That is, the present invention is an invention obtained by further improving the invention of the prior application, and its technical problems (objects) are as follows:-The concentration of gaseous hydrocarbons, one of the causative substances of photochemical smog, is reduced to 1 VOL%. The following is a “method of treating and recovering gaseous hydrocarbons contained in waste gas” for discharging into the atmosphere, comprising:-suppressing abnormal temperature rise in the adsorbent layer and reducing the temperature in the adsorber. It is an object of the present invention to provide a "method for treating and recovering gaseous hydrocarbons contained in waste gas", which is made uniform and further enhances safety as compared with the prior invention.

[0018]

SUMMARY OF THE INVENTION The method according to the present invention is particularly characterized in that: a double-cylinder type adsorber comprising an inner cylinder for cooling water circulation and an outer cylinder for adsorbent filling is used as the adsorber; The use of synthetic zeolite and / or hydrophobic silica gel having a pore size of 4 to 100 Å as the agent; the use of the above adsorbent pre-coated with gaseous hydrocarbons; 15 minutes or less;-At the time of desorption, purging and simultaneous use of vacuum are characterized by the above-mentioned features, whereby the above-mentioned "method of treating and recovering gaseous hydrocarbons contained in waste gas" is achieved. Is provided.

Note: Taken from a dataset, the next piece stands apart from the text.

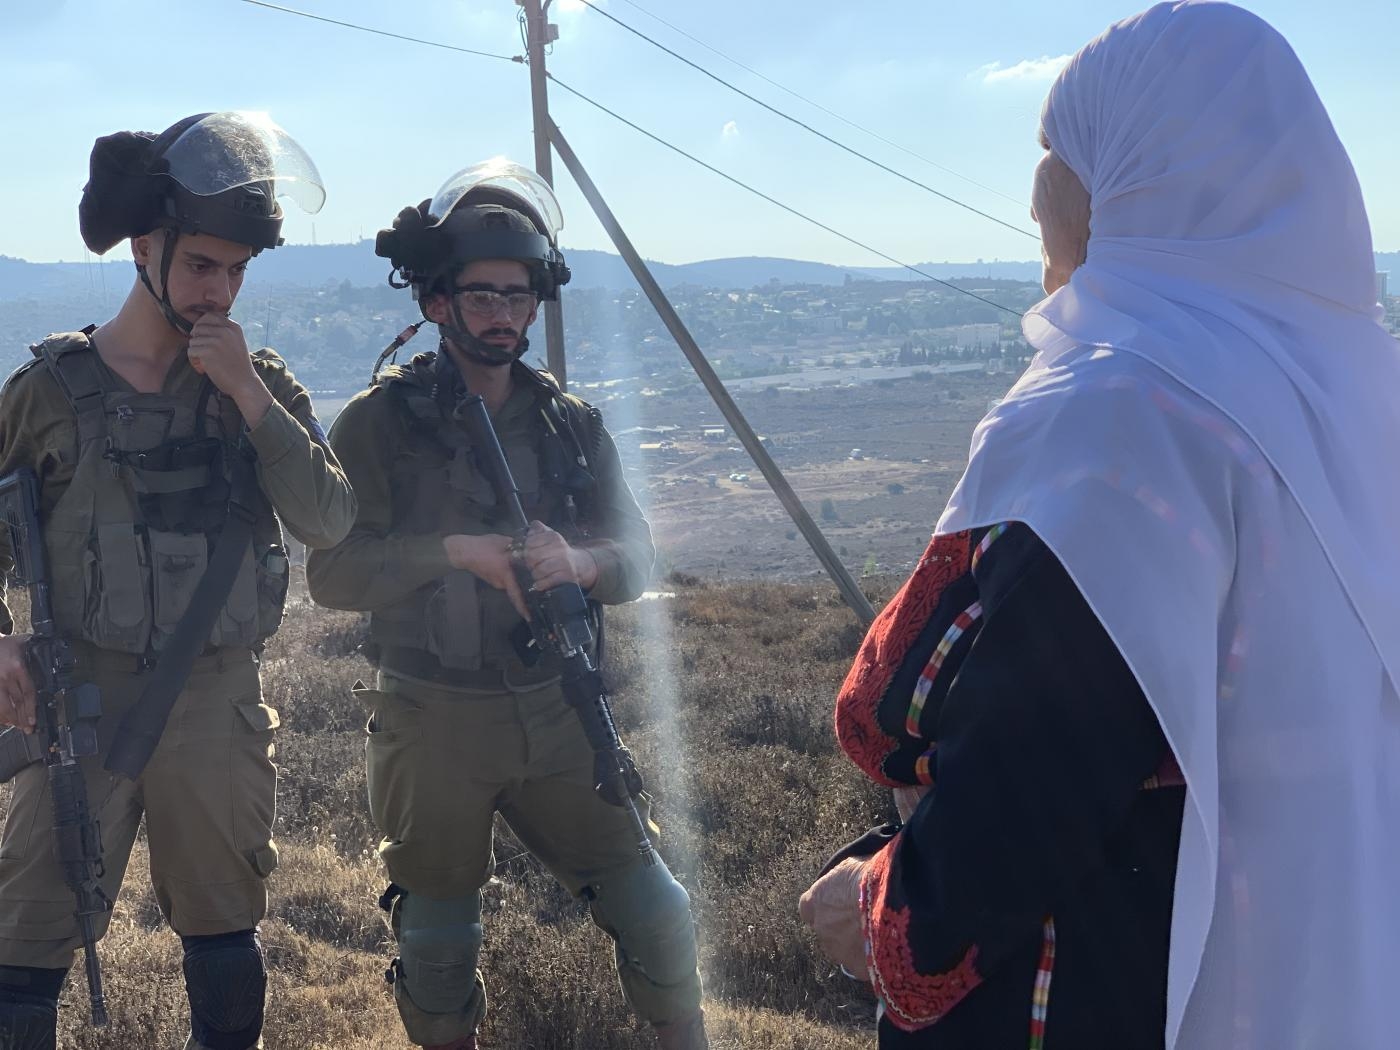 Mariam Hassan Hammad (80 ans) est bloquée par des soldats israéliens qui l’empêchent d’accéder à sa terre dans la région de Thahr al-Mazare, au nord-est de Ramallah en Cisjordanie occupée, le 18 septembre (MEE/Shatha Hammad)

That is, the present invention relates to a method for treating and recovering gaseous hydrocarbons contained in waste gas using a single-tower or multi-tower type adsorption apparatus. Consisting of an inner cylinder for adsorbent and an outer cylinder for adsorbent filling
(2) gaseous carbonization in which the outer cylinder for charging the adsorbent is filled with a synthetic zeolite having a pore size of 4 to 100 angstrom and / or a hydrophobic silica gel alone or in a mixture. An adsorbent layer formed by pre-coating with hydrogen is formed, (3) the time for switching between adsorption and desorption to the adsorbent layer is 1 to 15 minutes, and (4) the adsorbent layer is discharged from the adsorbent layer during desorption. And (5) recovering gaseous hydrocarbons from the purge exhaust gas while purging with a portion of the clean gas and / or air and simultaneously using vacuum. For the treatment and recovery of gaseous hydrocarbons contained in coal. ”.

[0020]

BEST MODE FOR CARRYING OUT THE INVENTION The present invention will be described below in detail. In the present invention, the reason for using a "double cylinder type adsorption device comprising an inner cylinder for cooling water circulation and an outer cylinder for adsorbent filling" is as follows. The adsorbent used in the present invention (synthetic zeolite and / or hydrophobic silica gel), in addition to having a structure capable of maximizing the cooling area for removing heat generation in the adsorbent layer
This is because the thermal conductivity of the adsorbent layer is extremely low, so that it is necessary to limit the thickness of the adsorbing layer in order to transfer heat rapidly.

The adsorbent used in the present invention has a pore size of
It is a synthetic zeolite and / or hydrophobic silica gel of 4 to 100 angstroms, as long as the pore size and its distribution are similar to those of activated carbon, and each of them can be used in any of single-layer, multi-layer and mixed-layer filling methods .

The reason why the synthetic zeolite and / or hydrophobic silica gel used in the present invention is "pre-coated with gaseous hydrocarbons" is that the present invention also uses an adsorbent having relatively large adsorption pores. , Regardless of the size of each molecule constituting the gaseous hydrocarbons in the waste gas, all of the multicomponent gaseous hydrocarbons are adsorbed. This is to limit the amount of adsorption in order to avoid this.

In the present invention, as a precoating means, a gas mainly composed of gaseous hydrocarbon is charged by a method such as spraying before or after filling the adsorbent into the adsorption tower. do it.

Further, the present invention is characterized in that the switching time (Swing Time) between adsorption and desorption is set to 1 to 15 minutes. Particularly, 3 to 10 minutes are preferable, and about 5 minutes is optimal.
Swin as a standard operating condition in industrial equipment
As described above, g Time is operated in the range of 4 to 20 hours in the case of using silica gel.
It is characterized by switching in as short as 15 minutes.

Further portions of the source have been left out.